450G + 5.0 Beta1 issue

After 40 hours I had a lot of hangs.

I have downgraded to 4.9 and will run for a few days to see if I have any hangs at all..

Another issue that effects 4.9 and 5.0B2…

For some reason connecting to the metarouter via winbox will suddenly stop working from the WAN side. The LAN side works fine.

This led to to ping it from the WAN side and this also seems dead..

These are enabled via the firewall. They normally work. At some point they just stop working. Rebooting does not bring them back. Its just sorta random.

Its like there is something wacky with the firewall. The rules look fine.. Again, it works sometimes and sometimes it does not. It will fail while running as well.

NAT’ed traffic seems to flow through it ok.

38 hours of perfect operation without any hangs at all by downgrading to 4.9.. So no doubt something got wacky with the metarouter with 5.0+

Well im sure the Mikrotik guys will find it. Difficult issue tho as its intermittent and not perfectly reproducible.

Im done testing it for now. I will revisit this as new betas come out.

I believe 4.9 and maybe further back, has the same issue but far less frequently. I just saw a hang for around 3 minutes then it returned back to normal. 3 days have gone by with perfect operation.. I have a second 450G that I reset/config’ed/started at the same time as this one with identical setup EXCEPT the metarouter is disabled. It is still going without a issue.

So maybe the problem exists already in 4.X but for some reason gets way worse in 5.X ?

This is where i am with this problem.

this is problem appear on RB450G when MetaROUTER is enabled. But not sure how exactly MetaROUTER causes the router to freeze and why.

have tried everything starting from running OpenWRT with asterisk (no crashes in 2 month or more), RouterOS with OSPF as part of network (no freezes for 2 month until today 15.05.2010)

It seems that disabling some packages makes it more stable, but leaving all the packages there, it still can work stable for long periods of time (OSPF router).

BTW, running 2 instances did not change anything.

This is a difficult problem to isolate. I wish I could help more.

The config I was using caused a hang of a mikrotik Metarouter about once a day. I sent in my config to support and I gave support a login into my router.

I am on 4.9 now and testing for stable operation. Next week I am going to go back to 5.0B2 and will share my config and provide support a login.

Some random thoughts on the problem:

What hangs ? Does the CPU hang or does it have 100% CPU usage ? Some hardware monitoring watching the logic would reveal a lot. A Logic analyzer connected to the router CPU should show exactly what happens when it hangs. This might provide the answer or a very good clue.

Maybe some outside automated attack coming from the internet causes a CPU spike ? There is ALOT of junk that goes around on the net and maybe something causes a MetaROUTER to hang ? To test this a 450G would have to be disconnected from the net and still fail. I might try this test.
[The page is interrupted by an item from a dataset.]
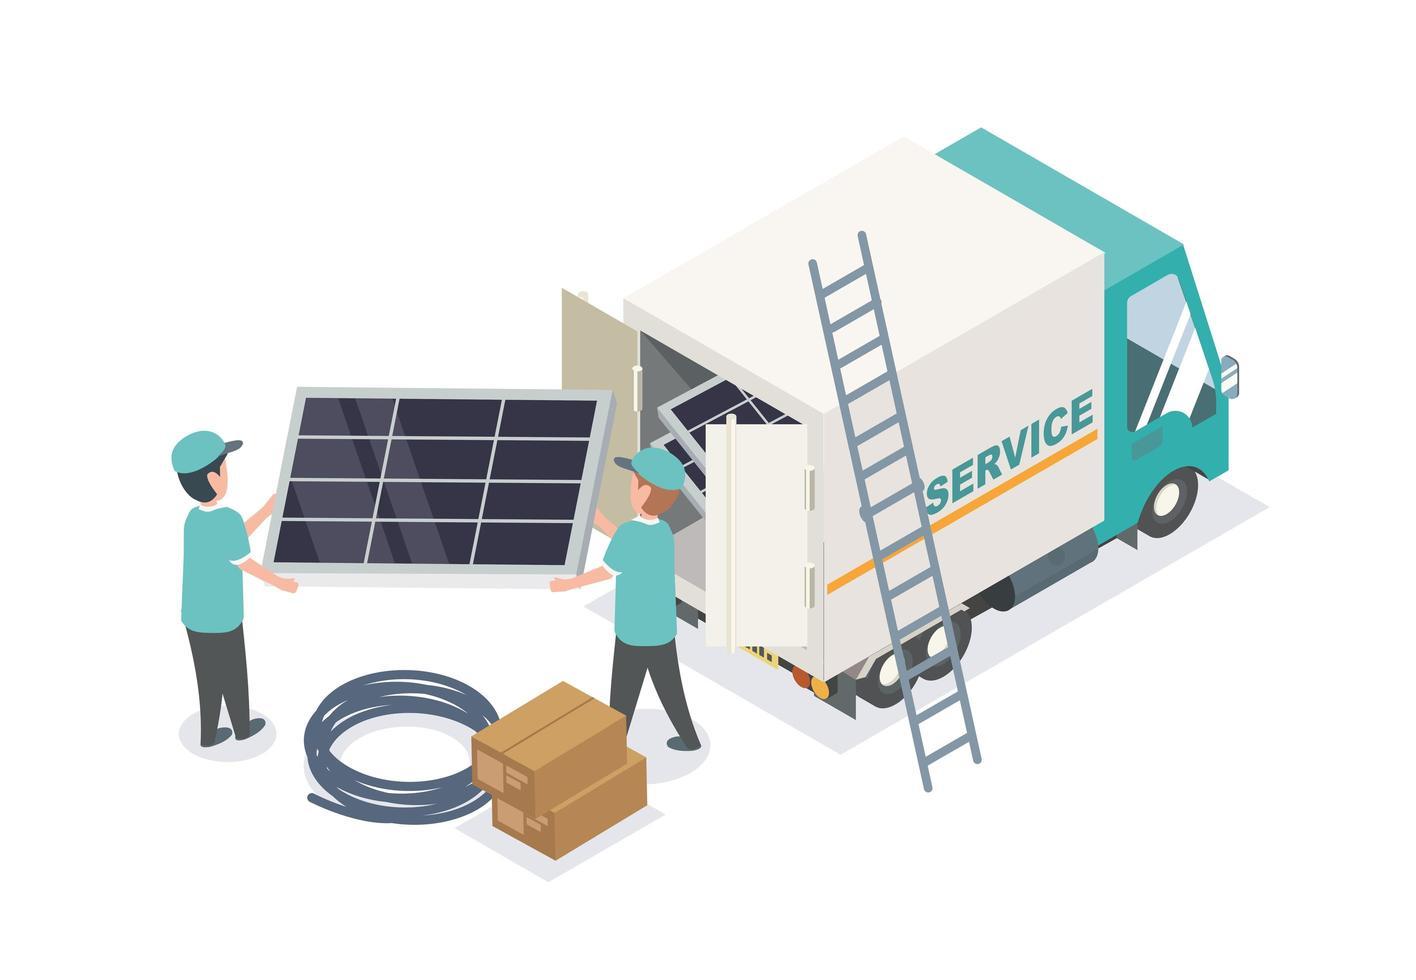 Solarzellenteam Service arbeitet vektor

5 days of perfect operation on 4.9 -without- the metarouter running.

I have now installed 5.0B2 with the Metarouter disabled.

I did a full reset after upgrade and used the terminal to do config. I noticed its on bootloader 2.6 for 5.0B2.

I am using pingplotter on 2 computers. One computer is pinging from the lan side to it and also through it to the cable modem. I am using the second computer to ping it from the wan side and also ping a device that goes through NAT. This is the same setup I used to test 4.9.

Multiping is set to ping 3 times a second so I will see any hang.

I am going out of town for a few days and it will chart the results while I am gone.

After a few days of testing I am going to enable Metarouter and continue testing.

Im doing this to carefully verify the problem. I was not doing full config resets before so I want to make sure I have this issue well understood.

During this testing I have discovered a issue with my new DOCSIS 3.0 Cisco cable modem, the DPC 3000. About once a day it looses connectivity for about 10-20 seconds. This was a interesting discovery.

5 days of flawless operation with 5.0B2 on a 450G and 750G.

Im not sure this has any meaning but I am doing more in depth testing.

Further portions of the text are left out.